Типохронос сидел на перилах моста, построенного при Калигуле и соединявшего Палатин с Капитолием. Он притащился за этой группой от самого Велбара и теперь, утомленный, зевал. Он лениво смотрел на темные очертания Аркса, за которыми возвышалась колонна Траяна, Маляртимская тюрьма и храмы. Типохронос сознавал, что, бросив свою лавку, он понапрасну потерял время, – хотя, с другой стороны, любопытно было взглянуть на фигляров, которых накануне принимал Элагабал, – и хотел уже вернуться домой, как вдруг перед ним возникло пятеро незнакомцев.

Один из них, толстый, потный, страдавший сильной отдышкой, сказал ему:

– Ты произвел на нас впечатление хорошего гражданина, и потому мы обращаемся к тебе. Мы прибыли из Брундузиума.

– Да, – добавил другой, косоглазый и печальный, – только сегодня утром мы въехали в Капенские ворота.

– Мы заблудились в Риме в поисках одного знатного человека, – вновь произнес первый.

– И знаменитого, – добавил другой, вздыхая. Третий проговорил сдавленным голосом:

– Он имеет большое влияние на божественного Императора.

– Атиллий, примицерий преторианской гвардии! – сказал первый.

Четвертый и пятый вытянули головы над плечами остальных и уставились на Типохроноса упорным взглядом своих больших выпуклых глаз.

Цирюльник испуганно вздрогнул и забормотал:

– Атиллий, примицерий преторианской гвардии! Эге-ге-ге!

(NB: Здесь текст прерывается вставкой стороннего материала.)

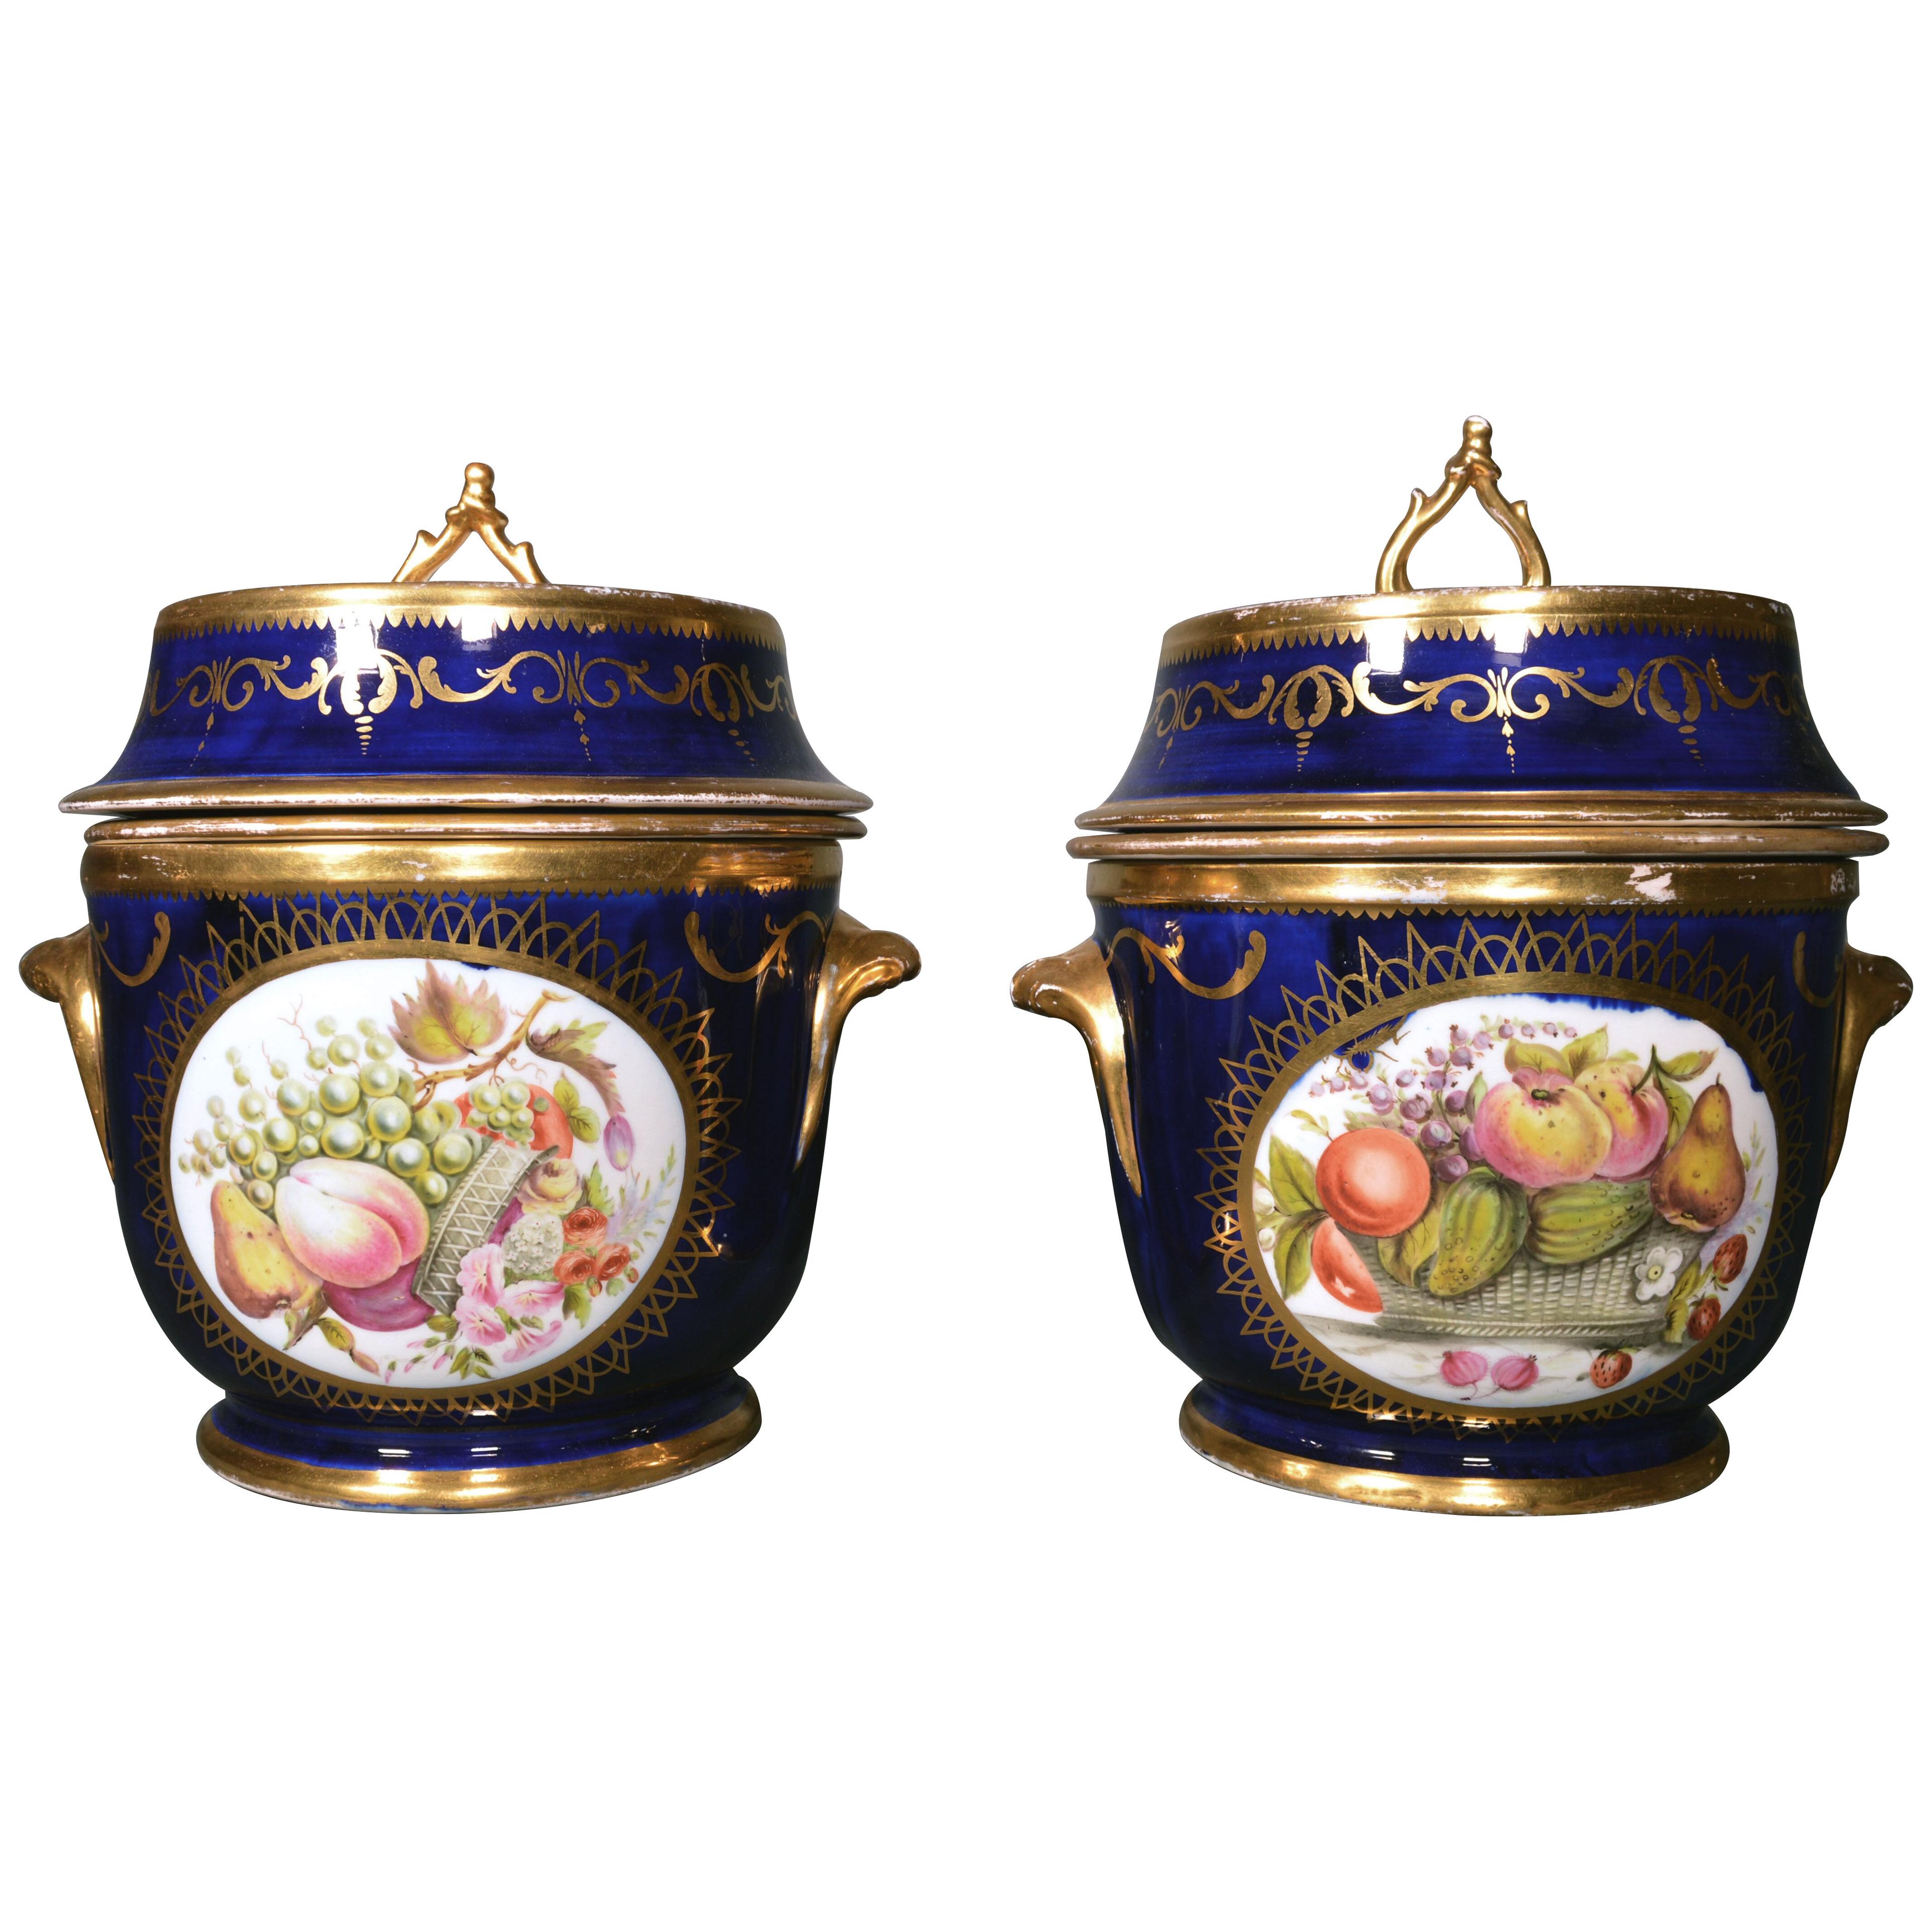 Coalport Porcelain Botanical Fruit Coolers, Covers, and Liners

Он стоял, открыв рот и подняв один палец, точно брил невидимого клиента. Атиллий! Это имя уже несколько недель упоминается римлянами в связи с оргиями Элагабала, его безумствами и попытками покорить Запад пышностью Востока, чтобы затем возродить его в новом качестве, погруженным в сладострастие, роскошь и порок. Рассказывали также, будто Атиллий предложил Императору сделать жрецами тех Богов, которым приносились жертвы, фигляров-циркачей! И этот молчаливый человек с презрительной складкой у рта, этот выродившийся римлянин появляется всегда в сопровождении своего вольноотпущенника, митра которого слишком напоминала о поклонении Черному Камню!